Так же проворно она снова помчалась, работая локтями, чтобы бежать поскорее. Мы поспешили обратно на базар, затем прошли под воротами, где город заканчивался, и, наконец, добрались до водоема с камнями сати на берегу. «Ага!» — вскрикнула Маджи, увидев ее раньше меня. Женщина лежала под деревом в той же позе, что и у свалки. Испражнения все еще текли, но уже совсем тоненькой струйкой. Маджи подошла к нищенке и сказала: «Вот ты где. Я тебя повсюду ищу. Что же ты меня не позвала?» Старуха глядела в небо, как мне показалось, уже невидящими глазами. Маджи села под деревом и положила ее голову к себе на колени. Она гладила ее своими грубыми крестьянскими руками и смотрела в гаснущее лицо. Старуха вдруг улыбнулась, беззубый рот приоткрылся с тем же блаженным выражением узнавания, что рот младенца. Смотрели ли еще ее глаза, видела ли она Маджи, склонившуюся над ней? А может, она просто чувствовала любовь и нежность? Как бы то ни было, эта улыбка казалась мне настоящим чудом.
Я села вместе с ними под деревом. В тот день с утра была сильная пыльная буря, и, как иногда бывает, воздух потом очистился, и теперь, в оставшиеся часы дня, все светилось. В воде резервуара, чистой, как небо, дрожали лишь отражения снующих зимородков и деревьев, то и дело роняющих в воду листья. В дальнем конце купались буйволы, погрузившиеся так глубоко, что только головы торчали над поверхностью воды. По берегу скакали тощие живые обезьянки, перебираясь с камня на камень по месту поминовения сати.
— Видишь ли, — сказала Маджи, — я так и думала, что она сюда придет. — Она продолжала гладить лицо старухи не только с нежностью, но и с какой-то гордостью, словно та совершила что-то особенное. Маджи стала рассказывать о жизни этой старухи: когда она овдовела, ее выжили из дома свекра. Затем умерли ее родители и брат во время эпидемии оспы, оставив ее без дома и средств. Что же остается делать, сказала Маджи, когда тебя практически вышвыривают на улицу просить милостыню и жить на подаяние? В то время эта женщина не сидела на месте, а путешествовала от одного места паломничества к другому, так как там легче прокормиться нищим. Около десяти лет назад она пришла в город и заболела. Затем выздоровела, но слишком ослабела, для того чтобы продолжать путь, потому и осталась здесь. — А теперь она устала, — сказала Маджи, — пришло ее время. Все сделано. — Она снова провела рукой по лицу женщины с гордостью, словно та выполнила свой долг.

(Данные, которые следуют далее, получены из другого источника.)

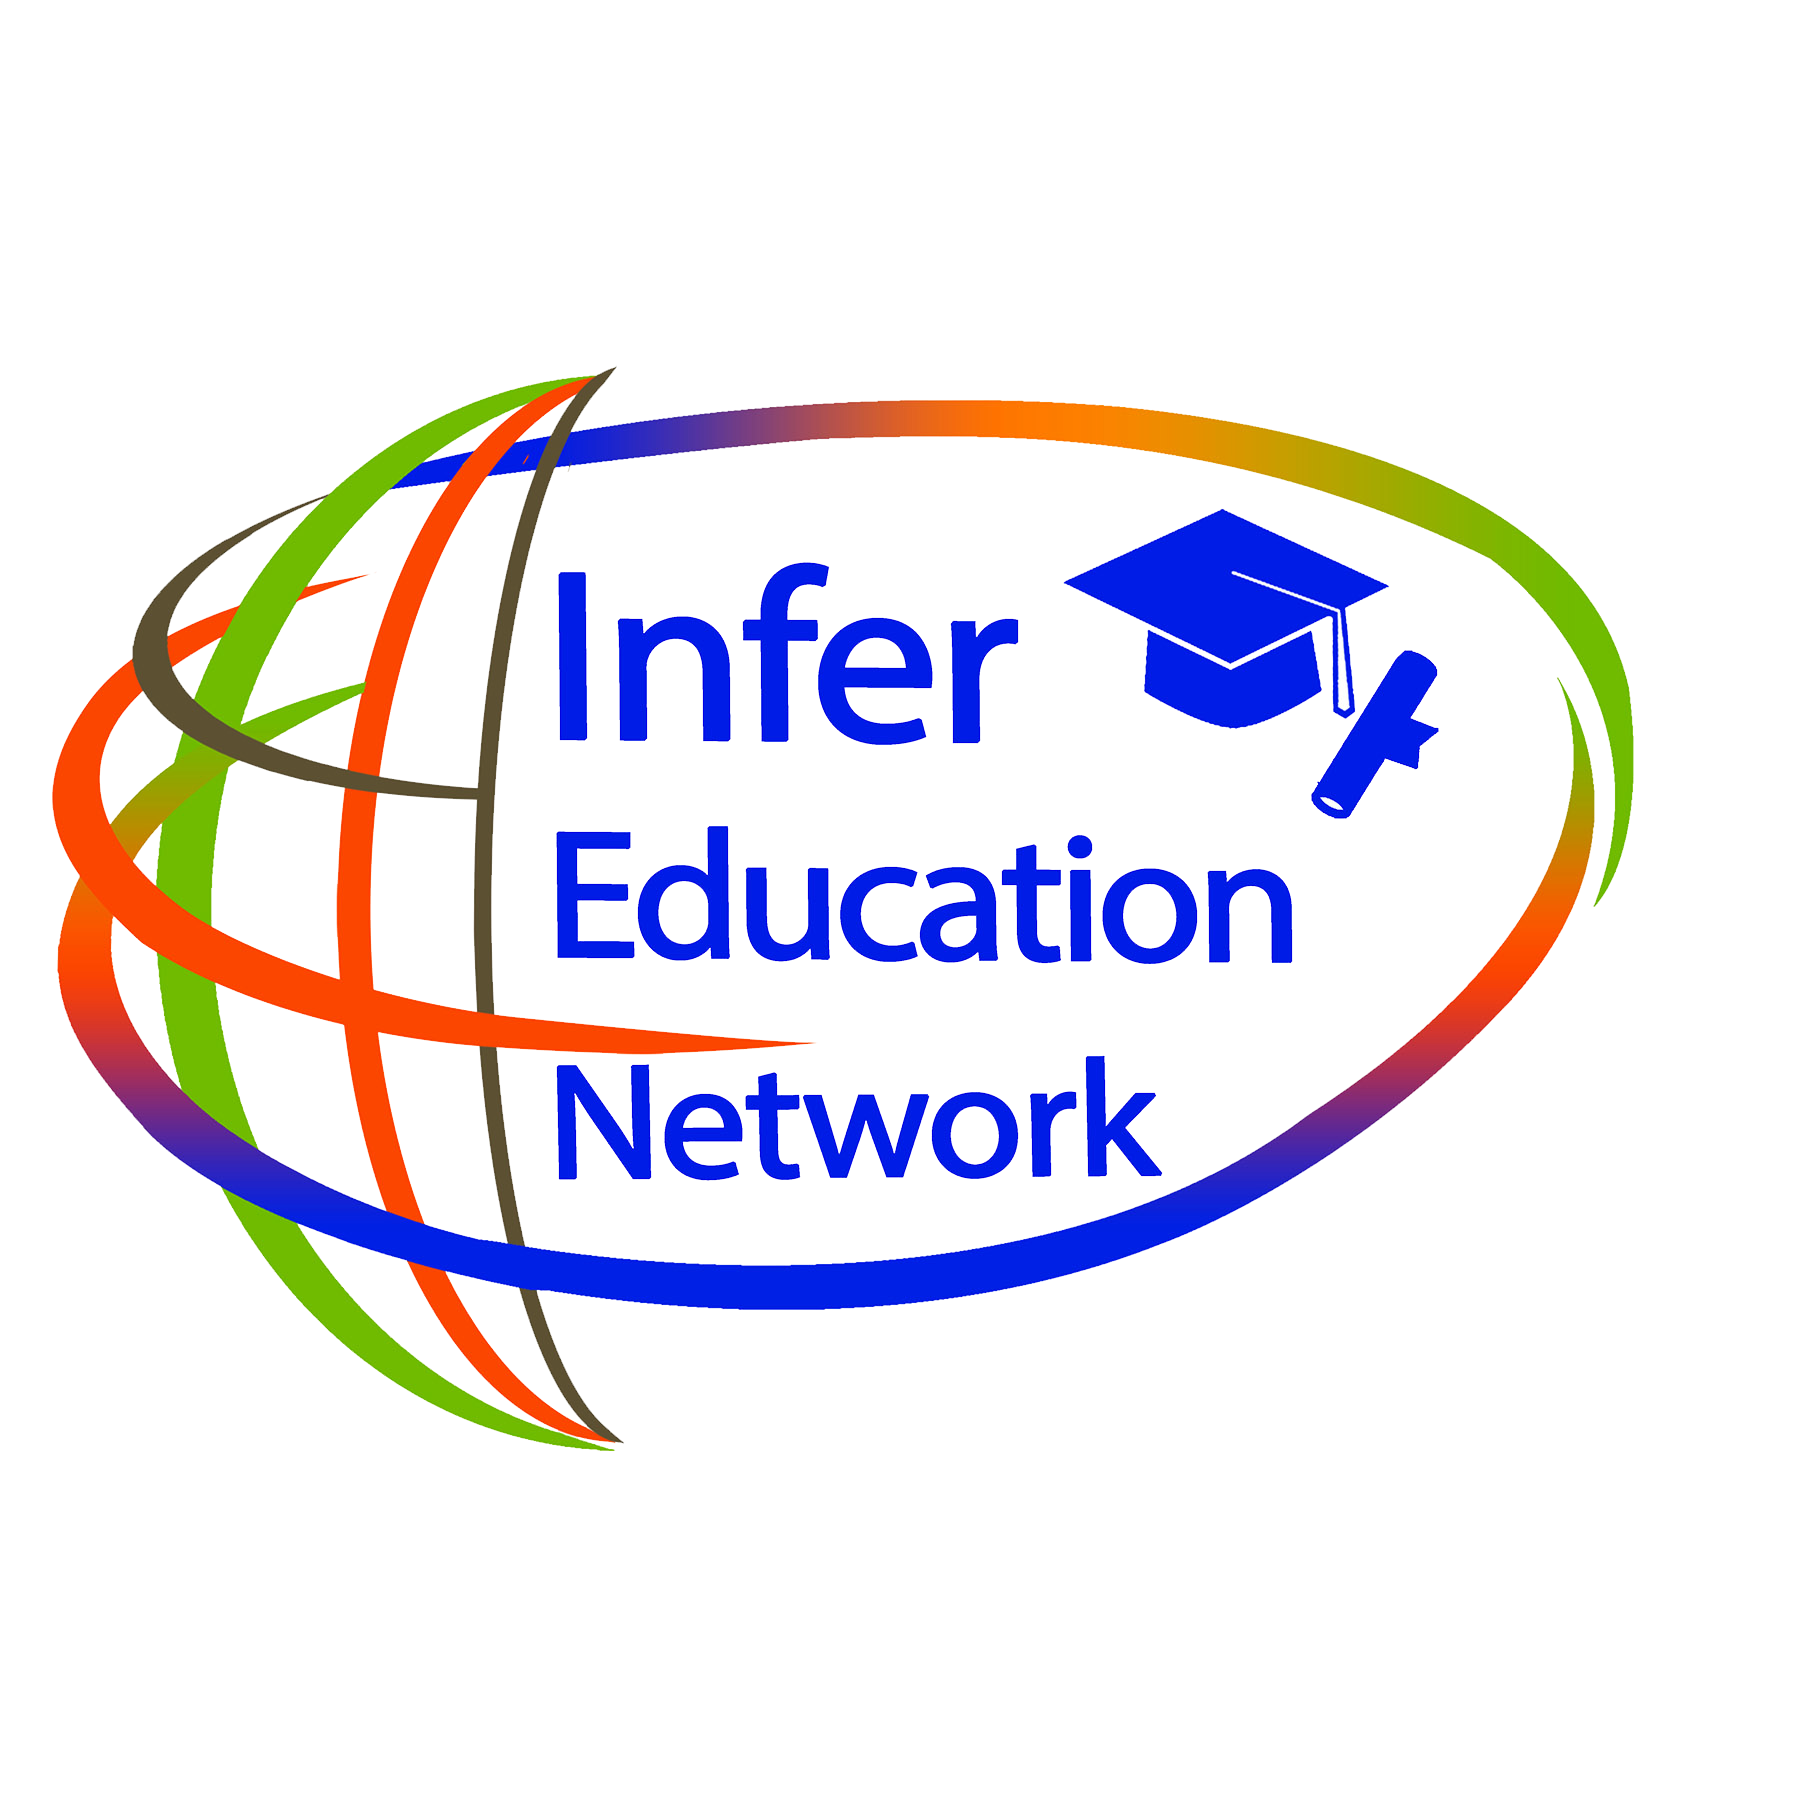 Infer Education Network

Сидеть там было очень приятно, у воды было прохладно, и мы бы остались надолго, но смерть не заставила себя ждать. Как только сияние исчезло с неба и вода стала бледно-жемчужной, а птицы уснули в темной листве и лишь летучие мыши беззвучно носились черными тенями на фоне серебряного неба, в этот чудесный час она и скончалась. Я бы и не заметила, так как старуха уже давно не шевелилась. Не было ни предсмертных хрипов, ни конвульсий. Казалось, будто из нее выжато все, и ей больше ничего не оставалось, кроме как отойти в мир иной. Маджи была очень довольна, она сказала, что Леелавати хорошо справилась с жизнью и была вознаграждена достойным, благословенным концом.

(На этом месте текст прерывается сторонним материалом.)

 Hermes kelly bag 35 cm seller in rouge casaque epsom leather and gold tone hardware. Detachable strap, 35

Однажды Оливия сказала Дугласу, что Гарри лежит больной в Хатме и что ей бы хотелось его навестить. «Да?» — сказал Дуглас и ничего более. Она приняла этот ответ за желанное разрешение: с сегодняшнего дня, решила она, Дуглас знает, что она ездит в Хатм, его уведомили. Больше не нужно будет торопиться обратно, чтобы опередить его. Если же он приедет домой раньше нее, она просто и честно скажет, что навещала больного Гарри в Хатме. Но Дуглас никогда не возвращался раньше; так получалось, что его задерживали в конторе все позже и позже, а когда он приходил наконец домой, то был таким усталым, что почти сразу укладывался спать. Оливия долго не ложилась и сидела у окна, чтобы подышать прохладой. По утрам, когда он уходил, она еще спала: Дуглас выезжал рано, чтобы отправиться на проверку перед тем, как солнце станет слишком жарким.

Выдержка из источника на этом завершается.